Family credits specialized vest with saving man's life
Defibrillators are a tool that can quickly shock a patient's heart back to beating during cardiac arrest. One type of defibrillator, the Life Vest, recently helped save the life of a Waterloo man.
WATERLOO (KWWL) -
A quarter of all deaths in the US are attributed to heart disease, according to the Centers for Disease Control.
Heart conditions are only becoming more common with the rise in obesity. But medical advances are constantly helping save lives.
Defibrillators are becoming a more common way to help save patients suffering cardiac arrest.
Defibrillators, called AEDs, have been showing up in a lot of schools and other public places. It's a tool that can be quickly used to shock the heart back to work.
But another type of defibrillator, specifically designed for people who suffer from heart disease, is becoming popular. One eastern Iowa man credits it with saving his life.
At just 52, David Aliffi suffers a serious heart condition called dilated cardiomyopathy.
"I smoked like a factory, and that's what led to all this," Aliffi said.
Last month, Aliffi was with his sister in the lobby of cardiologist Dr. Joud Dib's office when he went into sudden cardiac arrest.

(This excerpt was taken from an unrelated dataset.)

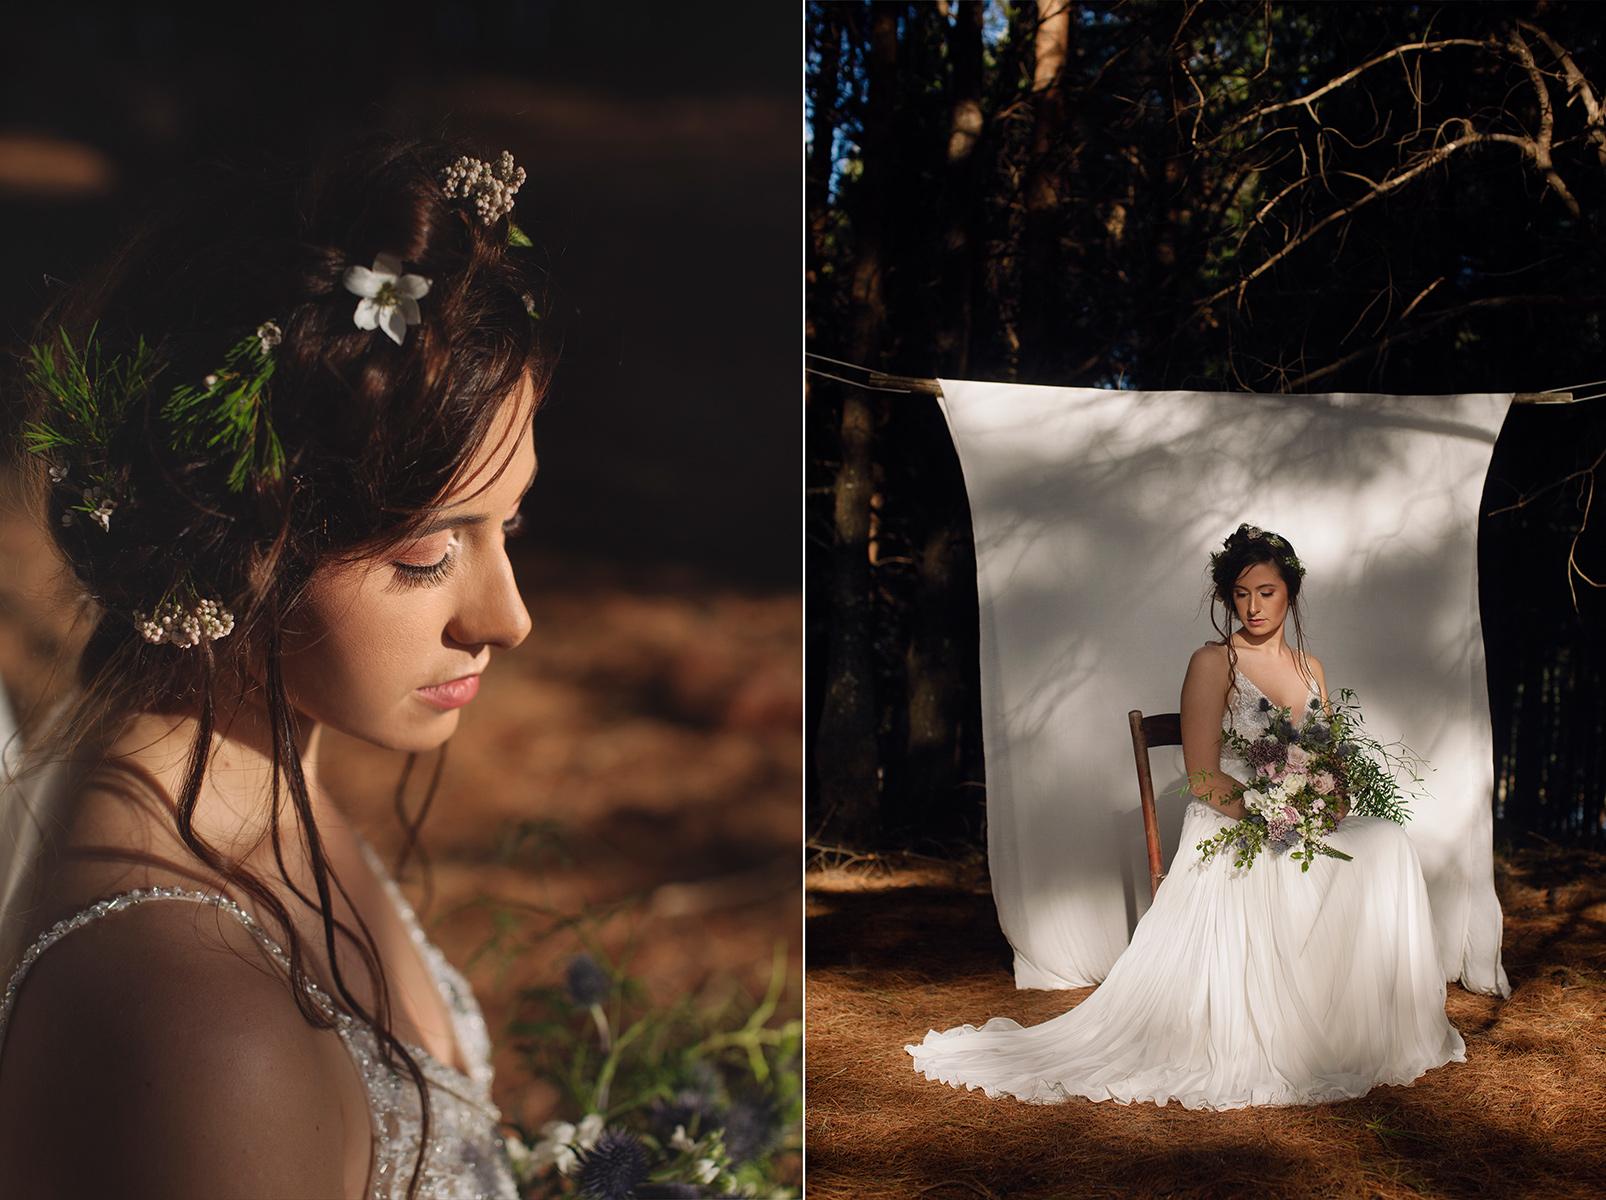 Bridal11Nov2018_HMP_Combo14.jpg

"There was no pain, no nothing. I just -- my heart quit. I literally blacked out," said Aliffi.
"When I came in the door, he was flat on the floor," his sister Carole Barrows said. "I just stood there dumfounded."
Dr. Dib rushed out to check on him, but there was no pulse.
Knowing his history of heart attacks, Barrows thought for sure her brother was dead.
"Eyes open and a dead stare," Barrows said. "I thought 'Oh God. This is ... this is it.'"
But just two weeks earlier, Dr. Dib had prescribed a device for Aliffi called a Life Vest.
The Life Vest is incredibly small and lightweight. It can be used in patients with all kinds of heart problems. It's currently worn by about 100,000 people and has saved some 1,000 lives.
The Vest knows when the heart needs help and sends out an alert, then shocks the patient's heart.
When Aliffi collapsed, Dr. Dib was a bit nervous. The 40 seconds before the vest kicked on seemed like an eternity, but it did the job.
"You have some doubt. You're like, 'C'mon man! The guy is dead. Just shock him!' And then it goes off," Dr. Dib said. "After that, everybody was happy because he was dead and the guy came back. It's a miracle."
"When I came to I was asking people, 'What the hell just happened?'" said Aliffi.
Aliffi now feels lucky to be alive. He and his family are amazed at how this medical technology shocked him back to life.
"If it hadn't been for that, it truly would've been a tragedy," Barrows said.
Patients are able to wear the Life Vest while being considered for a permanent implanted defibrillator. In the past, those patients would have no help if they experienced cardiac arrest during the three-month monitoring period before surgery.
After his episode with the Life Vest, Aliffi did undergo surgery at Mayo Clinic to get a defibrillator implanted in his heart -- and he said he's now doing well.